(WORKING DATA Opens)

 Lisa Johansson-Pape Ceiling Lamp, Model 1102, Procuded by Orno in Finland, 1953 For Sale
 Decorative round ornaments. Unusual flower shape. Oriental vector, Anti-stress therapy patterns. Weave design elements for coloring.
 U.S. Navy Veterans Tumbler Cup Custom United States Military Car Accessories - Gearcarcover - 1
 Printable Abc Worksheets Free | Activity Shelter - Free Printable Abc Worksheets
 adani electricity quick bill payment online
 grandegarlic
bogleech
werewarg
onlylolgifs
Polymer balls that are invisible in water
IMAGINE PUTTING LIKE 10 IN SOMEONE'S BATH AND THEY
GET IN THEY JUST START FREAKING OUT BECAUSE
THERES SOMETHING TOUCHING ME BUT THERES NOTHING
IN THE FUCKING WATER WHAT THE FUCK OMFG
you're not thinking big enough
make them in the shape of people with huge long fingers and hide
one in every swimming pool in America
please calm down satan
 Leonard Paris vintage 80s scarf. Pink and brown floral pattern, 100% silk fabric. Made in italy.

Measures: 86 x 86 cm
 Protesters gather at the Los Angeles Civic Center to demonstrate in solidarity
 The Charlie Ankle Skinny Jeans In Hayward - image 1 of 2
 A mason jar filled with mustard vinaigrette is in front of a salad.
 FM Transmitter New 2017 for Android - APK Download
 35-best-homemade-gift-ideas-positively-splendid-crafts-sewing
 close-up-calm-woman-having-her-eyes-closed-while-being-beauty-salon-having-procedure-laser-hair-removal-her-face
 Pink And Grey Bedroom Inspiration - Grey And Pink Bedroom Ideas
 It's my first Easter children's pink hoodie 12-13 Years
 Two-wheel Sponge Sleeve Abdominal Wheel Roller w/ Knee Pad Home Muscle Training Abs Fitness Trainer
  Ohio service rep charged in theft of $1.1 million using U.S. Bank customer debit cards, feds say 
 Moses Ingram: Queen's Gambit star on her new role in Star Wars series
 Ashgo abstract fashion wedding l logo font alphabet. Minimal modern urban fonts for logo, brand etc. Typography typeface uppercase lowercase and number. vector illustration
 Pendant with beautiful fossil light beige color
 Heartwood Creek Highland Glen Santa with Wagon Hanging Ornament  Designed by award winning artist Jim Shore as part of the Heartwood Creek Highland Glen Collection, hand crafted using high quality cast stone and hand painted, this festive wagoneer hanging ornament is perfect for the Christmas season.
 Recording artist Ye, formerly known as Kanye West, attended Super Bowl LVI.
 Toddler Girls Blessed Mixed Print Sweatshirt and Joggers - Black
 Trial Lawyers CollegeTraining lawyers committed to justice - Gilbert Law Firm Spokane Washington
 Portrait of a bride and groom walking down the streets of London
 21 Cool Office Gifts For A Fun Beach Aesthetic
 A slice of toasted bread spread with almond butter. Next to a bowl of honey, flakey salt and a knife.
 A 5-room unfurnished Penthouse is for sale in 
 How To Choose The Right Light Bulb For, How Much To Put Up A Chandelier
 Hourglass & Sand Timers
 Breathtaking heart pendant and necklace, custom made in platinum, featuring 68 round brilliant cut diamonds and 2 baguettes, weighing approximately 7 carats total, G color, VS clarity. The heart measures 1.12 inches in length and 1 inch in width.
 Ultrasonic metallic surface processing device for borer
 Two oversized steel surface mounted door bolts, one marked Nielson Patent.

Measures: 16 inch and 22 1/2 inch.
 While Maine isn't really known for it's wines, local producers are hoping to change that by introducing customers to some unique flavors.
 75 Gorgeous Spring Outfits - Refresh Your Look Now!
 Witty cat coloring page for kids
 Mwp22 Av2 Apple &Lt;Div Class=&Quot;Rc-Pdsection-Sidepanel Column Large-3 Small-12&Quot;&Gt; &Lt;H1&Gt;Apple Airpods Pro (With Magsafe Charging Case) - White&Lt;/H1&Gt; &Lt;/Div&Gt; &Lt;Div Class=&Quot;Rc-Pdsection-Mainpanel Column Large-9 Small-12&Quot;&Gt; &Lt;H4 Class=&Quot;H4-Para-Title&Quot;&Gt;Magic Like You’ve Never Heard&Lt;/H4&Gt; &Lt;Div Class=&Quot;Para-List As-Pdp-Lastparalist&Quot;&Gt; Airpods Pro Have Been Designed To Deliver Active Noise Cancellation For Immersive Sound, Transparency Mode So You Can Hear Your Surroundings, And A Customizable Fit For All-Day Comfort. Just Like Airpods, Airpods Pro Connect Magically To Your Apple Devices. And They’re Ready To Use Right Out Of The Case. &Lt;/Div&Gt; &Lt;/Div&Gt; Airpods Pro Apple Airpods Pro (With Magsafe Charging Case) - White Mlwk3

(WORKING DATA Closes)

◆ **INSTRUCTIONS FOR THE TASK**
Starting with the line that holds "Moses Ingram: Queen's" and ending with the line that holds "Hourglass & Sand Timers", retype every line in the data above exactly, and nothing else.

◆ **SOLUTION TO THIS PROBLEM**
 Moses Ingram: Queen's Gambit star on her new role in Star Wars series
 Ashgo abstract fashion wedding l logo font alphabet. Minimal modern urban fonts for logo, brand etc. Typography typeface uppercase lowercase and number. vector illustration
 Pendant with beautiful fossil light beige color
 Heartwood Creek Highland Glen Santa with Wagon Hanging Ornament  Designed by award winning artist Jim Shore as part of the Heartwood Creek Highland Glen Collection, hand crafted using high quality cast stone and hand painted, this festive wagoneer hanging ornament is perfect for the Christmas season.
 Recording artist Ye, formerly known as Kanye West, attended Super Bowl LVI.
 Toddler Girls Blessed Mixed Print Sweatshirt and Joggers - Black
 Trial Lawyers CollegeTraining lawyers committed to justice - Gilbert Law Firm Spokane Washington
 Portrait of a bride and groom walking down the streets of London
 21 Cool Office Gifts For A Fun Beach Aesthetic
 A slice of toasted bread spread with almond butter. Next to a bowl of honey, flakey salt and a knife.
 A 5-room unfurnished Penthouse is for sale in 
 How To Choose The Right Light Bulb For, How Much To Put Up A Chandelier
 Hourglass & Sand Timers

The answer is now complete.